Activations (as Modules)

# PyTorch
nn.ReLU()
nn.Sigmoid()
nn.Tanh()
nn.GELU()
nn.SiLU()
nn.LeakyReLU(0.01)
nn.ELU(alpha=1.0)
nn.Softplus(beta=1.0)
nn.Mish()
nn.SELU()
nn.Hardswish()
nn.Hardsigmoid()
nn.PReLU(num_parameters=1)
nn.Softmax(dim=-1)
nn.LogSoftmax(dim=-1)
nn.Flatten(start_dim=1)
nn.Identity()

// flodl — unit structs (no allocation, bare-name usage)
ReLU
Sigmoid
Tanh
GELU                       // erf form (default) — GELU::tanh() for the tanh approximation
SiLU
Mish
SELU
Hardswish
Hardsigmoid
Identity

// Parameterized at construction
LeakyReLU::new(0.01)
ELU::new(1.0)
Softplus::new(1.0, 20.0)         // beta, threshold
Softmax::new(-1)                  // dim
LogSoftmax::new(-1)
Flatten::new(1, -1)               // start_dim, end_dim

// Learnable parameters
let prelu = PReLU::new(1, Device::CPU)?;

Preprocessing Modules

# PyTorch
blur = torchvision.transforms.GaussianBlur(kernel_size=7, sigma=1.5)
# or functional:
y = torchvision.transforms.functional.gaussian_blur(x, kernel_size=7, sigma=1.5)
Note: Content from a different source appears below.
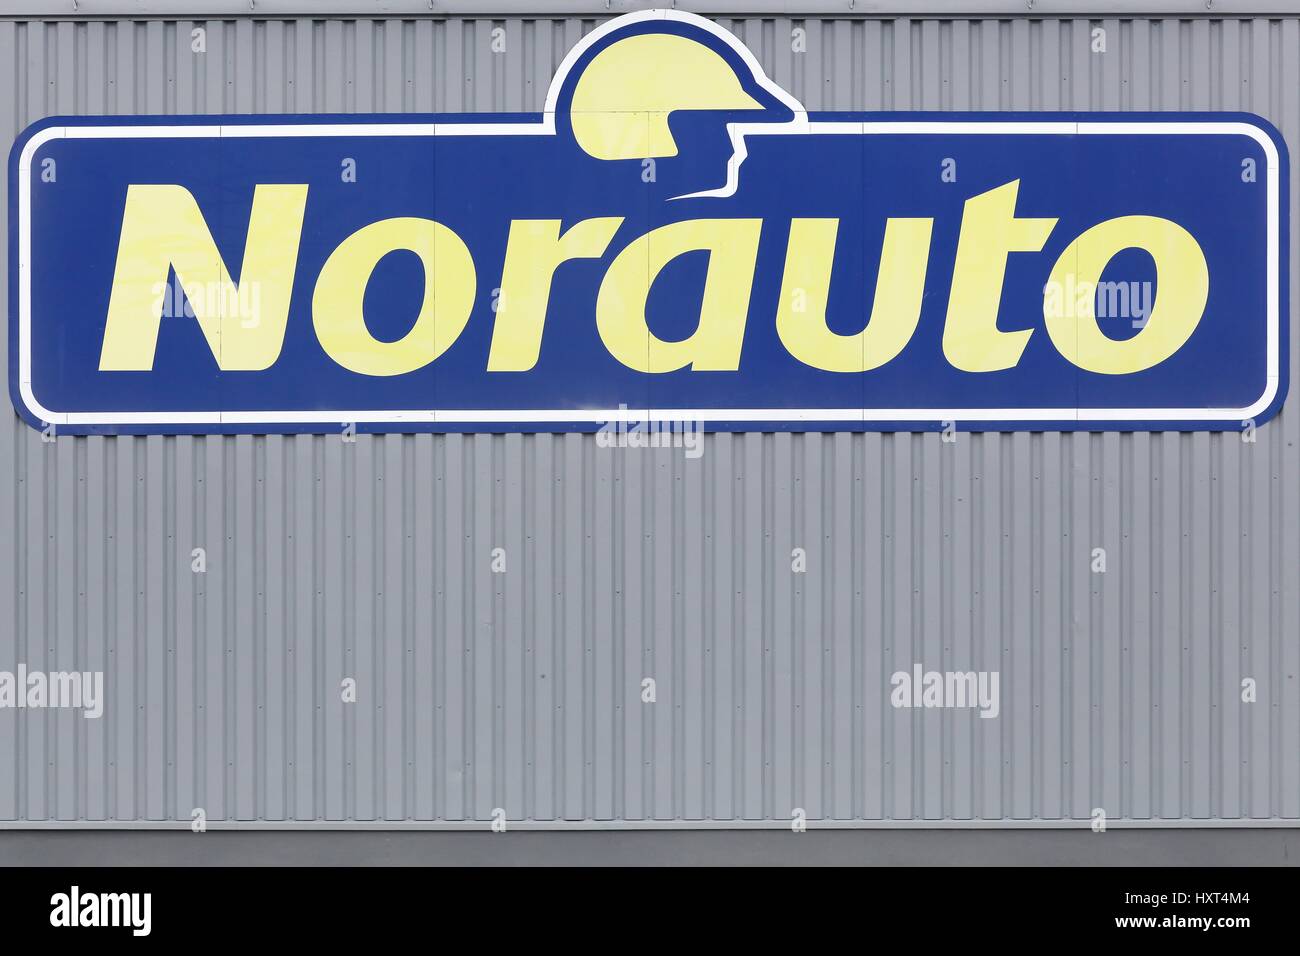 Orleans, France - March 19, 2017: Norauto logo on a wall. Norauto is a French based company which focuses on car repairs and car accessories Stock Photo

// flodl — as a Module (for use in FlowBuilder graphs)
let blur = GaussianBlur::new(1.5);  // kernel size auto-computed from sigma
let y = blur.forward(&x)?;

// flodl — as a free function
let y = gaussian_blur_2d(&x, 1.5)?;  // input must be [B, C, H, W]

GaussianBlur is stateless (no parameters). Kernel size is 2 * ceil(3 * sigma) + 1, matching OpenCV’s default. Runs under NoGradGuard – no autograd graph built.

Composite Modules

In PyTorch, nn.Module.__init__ auto-discovers child modules assigned to self. In flodl, composite modules implement the Module trait and declare children via sub_modules() — enabling recursive device placement, training mode toggling, and parameter collection.

# PyTorch — children auto-discovered
class MLP(nn.Module):
    def __init__(self):
        super().__init__()
        self.fc1 = nn.Linear(784, 128)
        self.fc2 = nn.Linear(128, 10)

    def forward(self, x):
        return self.fc2(F.relu(self.fc1(x)))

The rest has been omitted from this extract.